Libertad religiosa y de expresión

Para la Arquidiócesis de Olinda y Recife “en ningún momento el discurso de los religiosos era homofóbico o tenía la intención de fomentar cualquier forma de odio».

Aunque el activismo progresista dentro del Ministerio Público (MP) es muy intenso y ha cooptado a parte significativa de sus miembros, no todos están de acuerdo con  la acción contra el presbítero.

La asociación Ministerio Público Pró-Sociedade, que integra a promotores y procuradores que no compactan con la agenda “progresista”, publicó una nota pública de repudio a la investigación y de apoyo al sacerdote.

“El Ministerio Público no puede usar sus poderes legales para patrocinar la causa de grupos ideológicos contra el derecho de segmentos de la sociedad que actúan dentro de la estricta legalidad”, subrayan.

“De hecho, el sacerdote solo expresó sus convicciones religiosas, basado en la doctrina que guía su fe, y al hacerlo, uso de sus libertades constitucionales”.

El artículo 220 de la Constitución Federal consagra expresamente la libertad de expresión en cualquier forma. Por tanto, “la apertura de un proceso de investigación contra el padre Rodrigo Alves de Oliveira Arruda es una restricción obvia a la libertad de expresión y libertad religiosa”.

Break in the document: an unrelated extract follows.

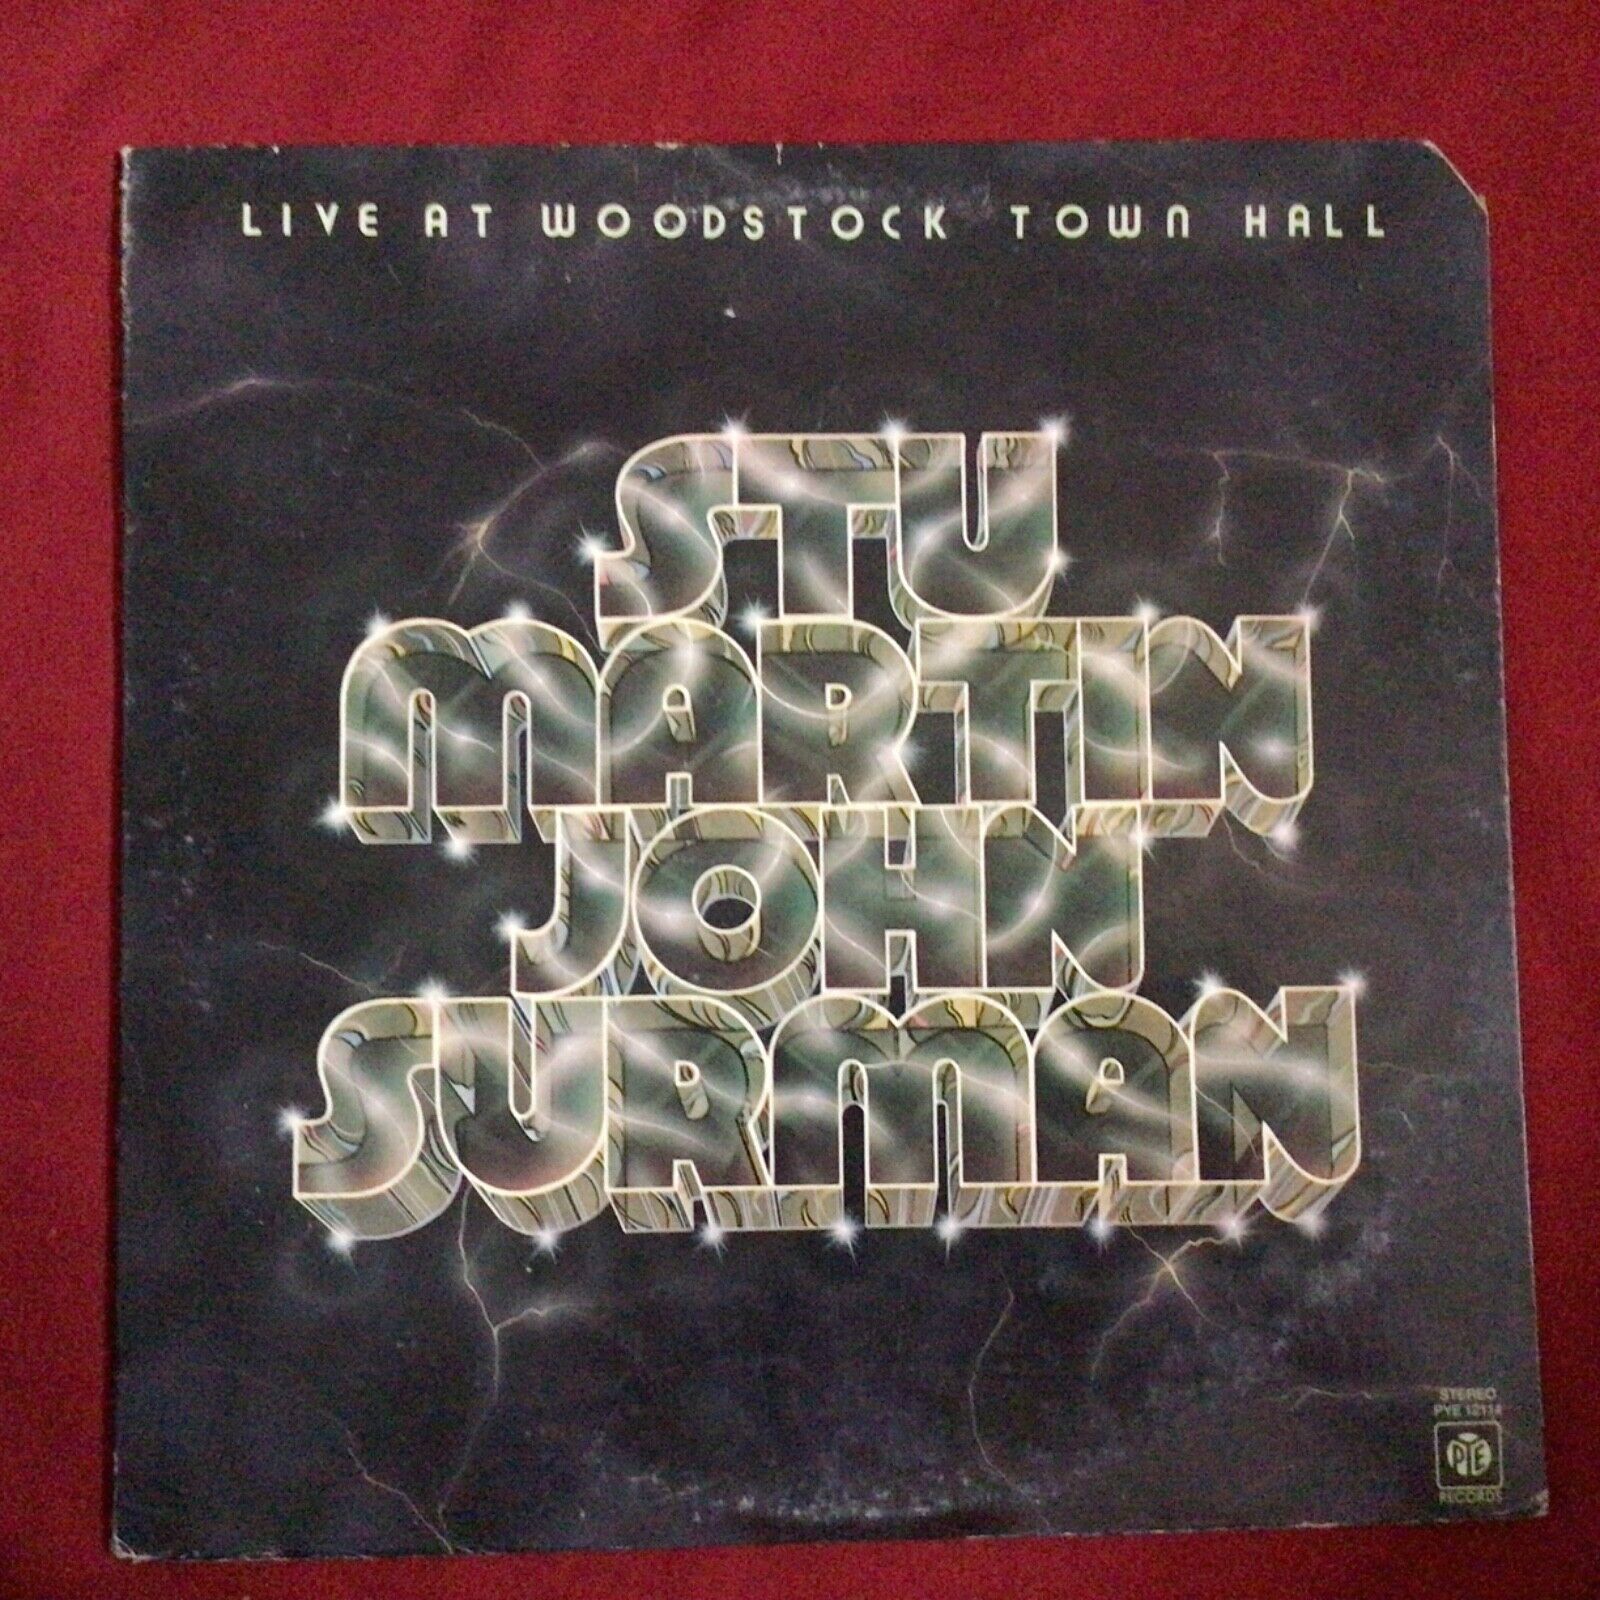 STU MARTIN & JOHN SURMAN 1975 PROMO LP "Live At Woodstock Town Hall" JAZZ VG/VG+

«El hecho confirma la sospecha de muchos que la decisión del Supremo Tribunal Federal sería usada para que segmentos de la población fueran perseguidos por sus convicciones», concluyen.

El sacerdote también ha sido defendido públicamente por evangélicos

El Foro Evangélico Nacional de Acción Social y Política (FENASP) emitió una nota de repudio a la investigación por violar las libertades de conciencia, de creencia, de culto y de manifestación del propio pensamiento garantizadas por la Constitución.

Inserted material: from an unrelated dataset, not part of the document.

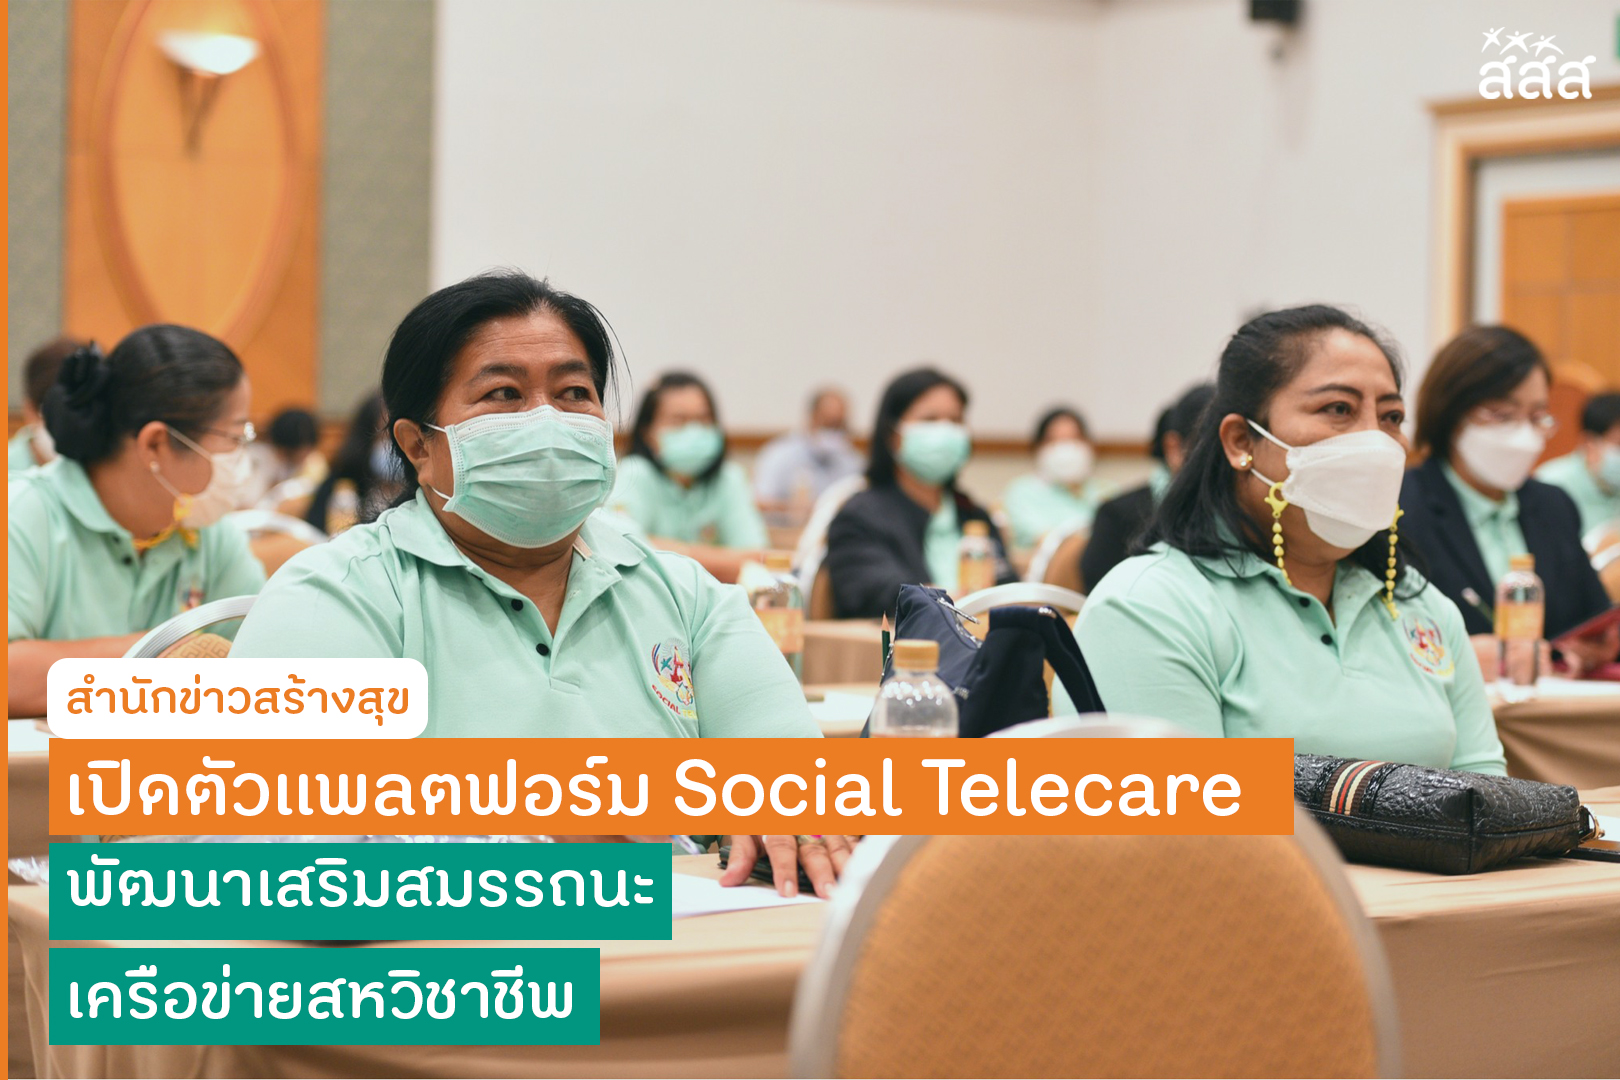 Social Telecare platform established to enhance multidisciplinary network thaihealth

“Nada justifica callar la voz de un religioso solo porque no se molda a la sexualidad secularizada”, apuntan.

Para Luigi Braga, miembro de la Asociación Nacional de Juristas Evangélicos (Anajure), la crítica del padre al STF es legitima y “la ley en la que se enmarcó la ‘homofobia’ es la misma que prohíbe la discriminación por motivos religiosos; es decir, el sacerdote puede defenderse de la acusación utilizando la misma ley por la que se le acusa”.

«La decisión del STF creó una situación de inestabilidad jurídica que coloca en riesgo la libertad religiosa; la situación de este sacerdote es una prueba de ello», dice Braga.